Especially, the optical scattering force in the decay direction ($z$) solely depends on the IPM density. This can be understood by considering a dipolar particle as an example. Since OM density resides in the $x$-$y$ propagation plane [2], it can not contribute to the $z$ component of the scattering force. When $\theta =90^{\circ}$, the IPM density proportional to $\cos \theta$ becomes zero [refer to Eq. (S56) in the Supplement 1], thus there is no scattering force along the $z$ direction. A similar conclusion holds for a particle of arbitrary size, which can be found in the Sec. 2.3 of the Supplement 1.

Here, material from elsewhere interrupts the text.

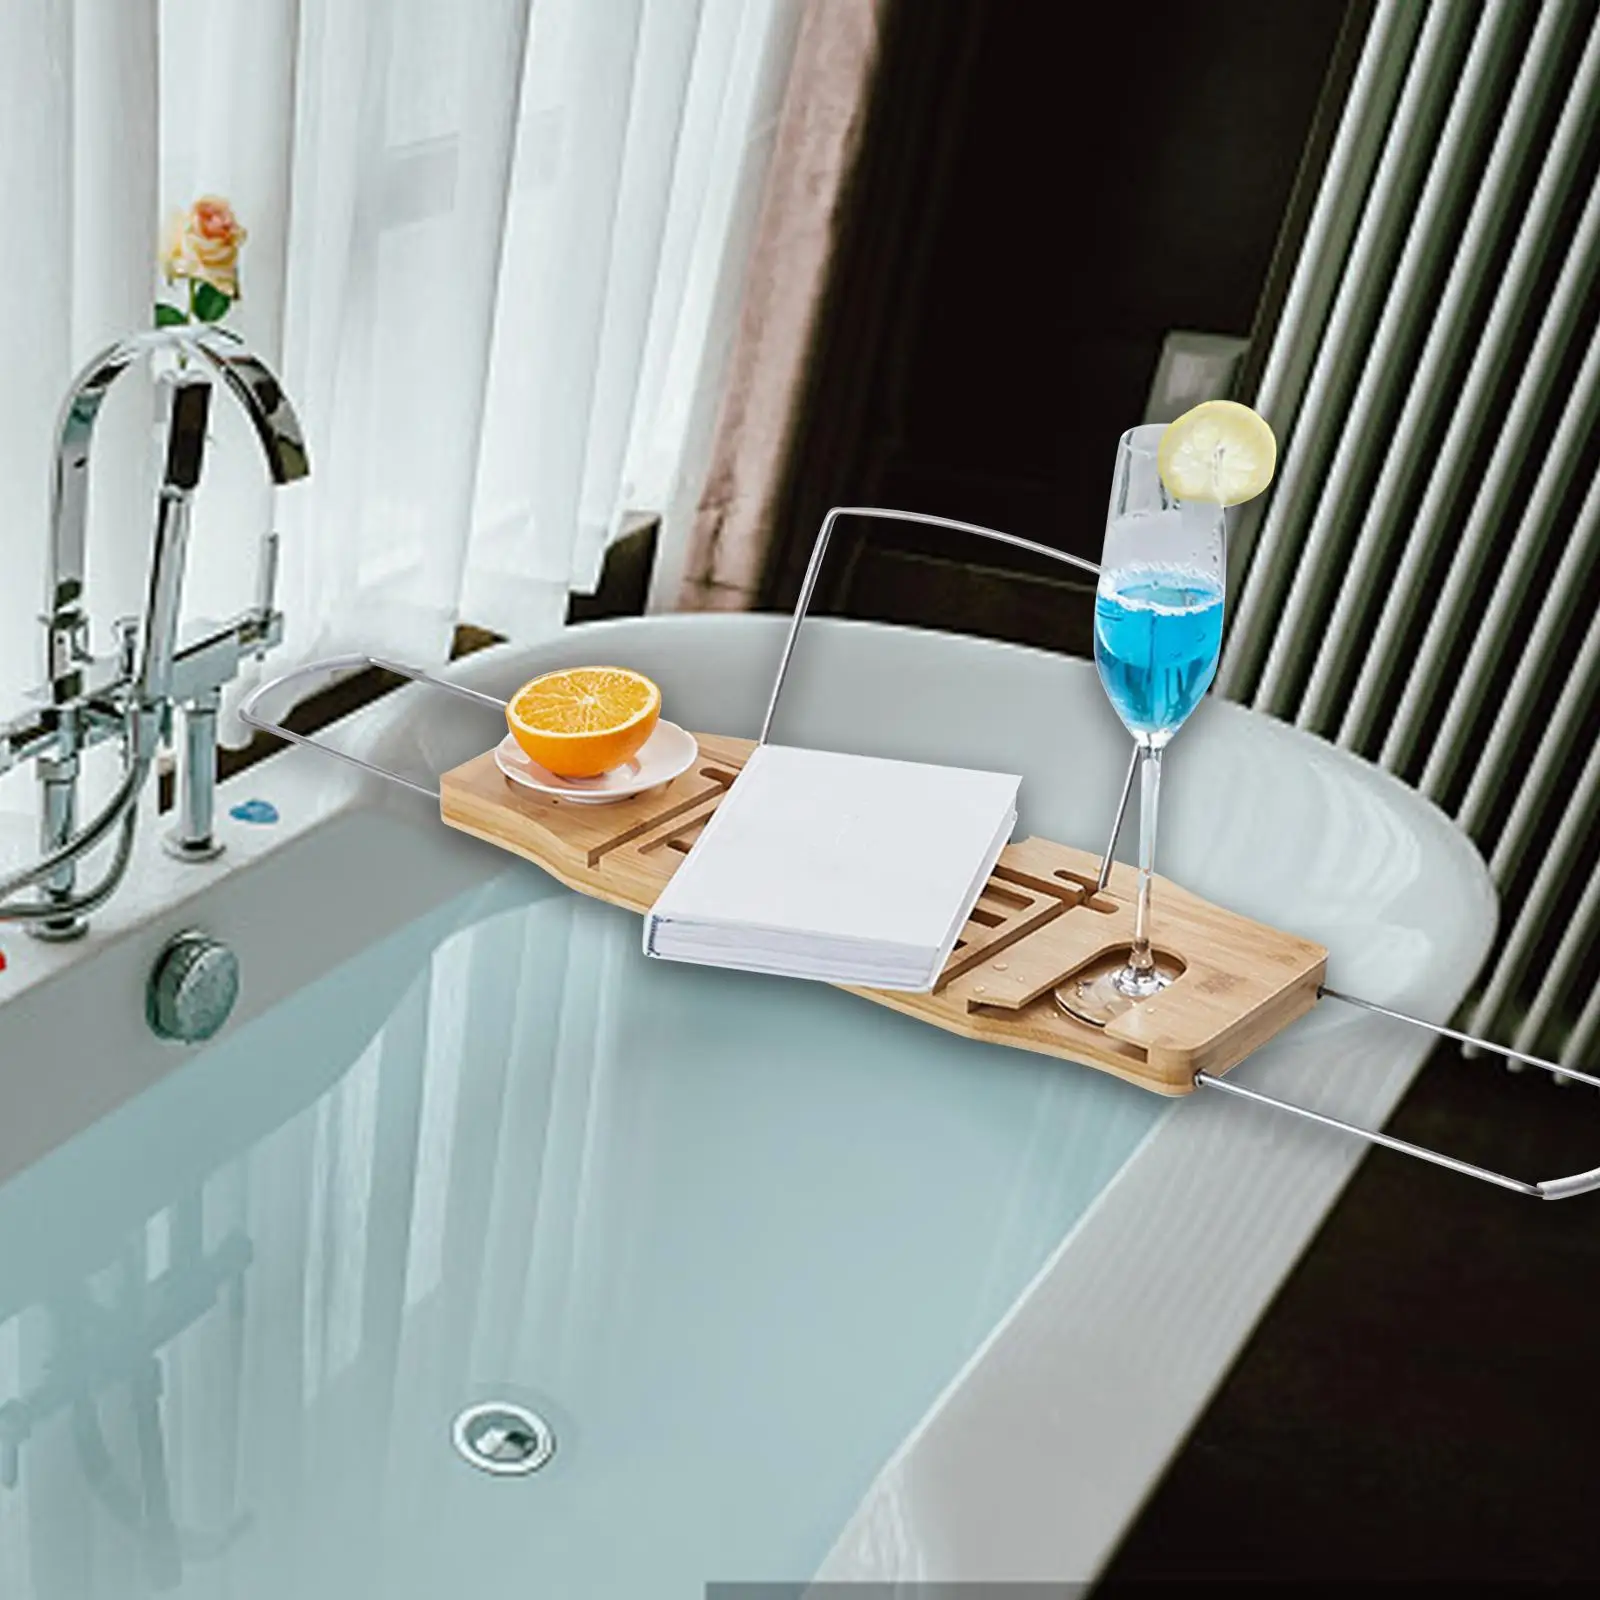 Bath Tub Caddy Bath Tub Tray Shelf Bathroom Gadgets Adjustable Luxury Bath Caddy Tub Table for Tubs Salon Spa Holiday Gifts
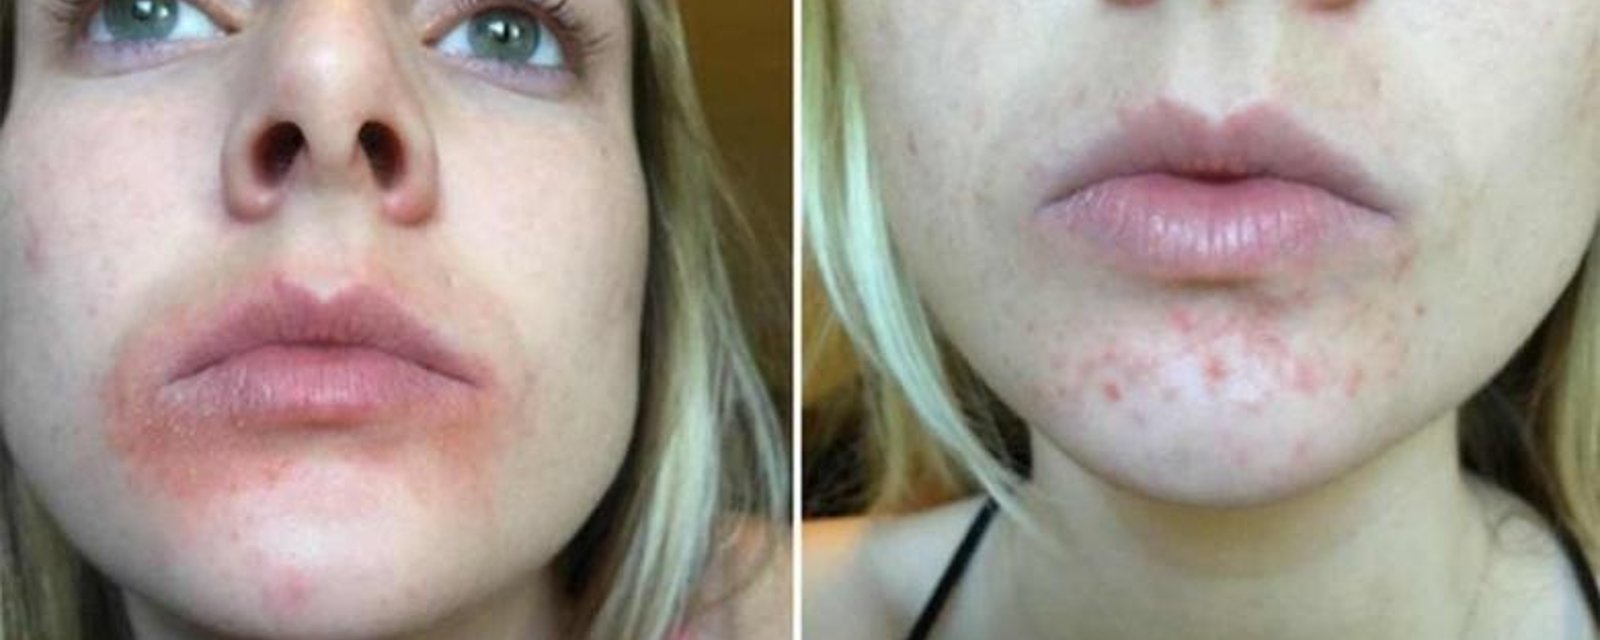 Une nouvelle marque de baume à lèvres cause de sérieux problèmes à plusieurs femmes

Besides the included angle between evanescent waves, the OM and IPM densities also depend on the polarization, as shown in Eq. (12). In the following, we shall present how to switch on and off the optical scattering force via polarizations in multiple counter-propagating evanescent waves. Here, we take the configuration in Fig. 2(g) as an illustration, the conclusion applies to other arbitrary pairs of counter-propagating evanescent waves ($N_p\geq 2$, see Figs. S1, S2 in the Supplement 1). From Eq. (13), we know that both OM and IPM densities will contribute to the scattering force in general. However, the values of these two field quantities are highly polarization dependent [see Eq. (12)], e.g. $\boldsymbol {p}_{\mathrm {o}} ^{\mathrm {e}}$ and $\boldsymbol {p}_{\mathrm {o}} ^{\mathrm {m}}$ are both $\propto {\rm{Re}} (p^*q)$, while ${\rm{Im} \widetilde {\boldsymbol p}^{\,{curl}}\propto} (|p| ^2-|q| ^2)$. Consequently, the field quantities contributing to the scattering force vary under different polarization conditions. The mechanisms of generating scattering force (the last column) under several typical polarizations are listed in Table 3, with the polarization parameters, the corresponding stokes parameters, and the contributed field quantities listed in the 2-5 columns of the table for reference. To make it clear, we also visualize the contributions of a diversity of field quantities to the scattering force in Figs. 2(a)-(c) (TM), Figs. 2(d)-(f) (DLP), and Figs. 2(g)-(i) (CP). From Table 3, we can know that the optical scattering force can be completely switched off when the evanescent wave is circularly polarized. Under other polarizations, the optical scattering force can be either contributed from OM and/or IPM densities. As a result, we can adjust the conservative properties of the optical force by simply tuning the polarization.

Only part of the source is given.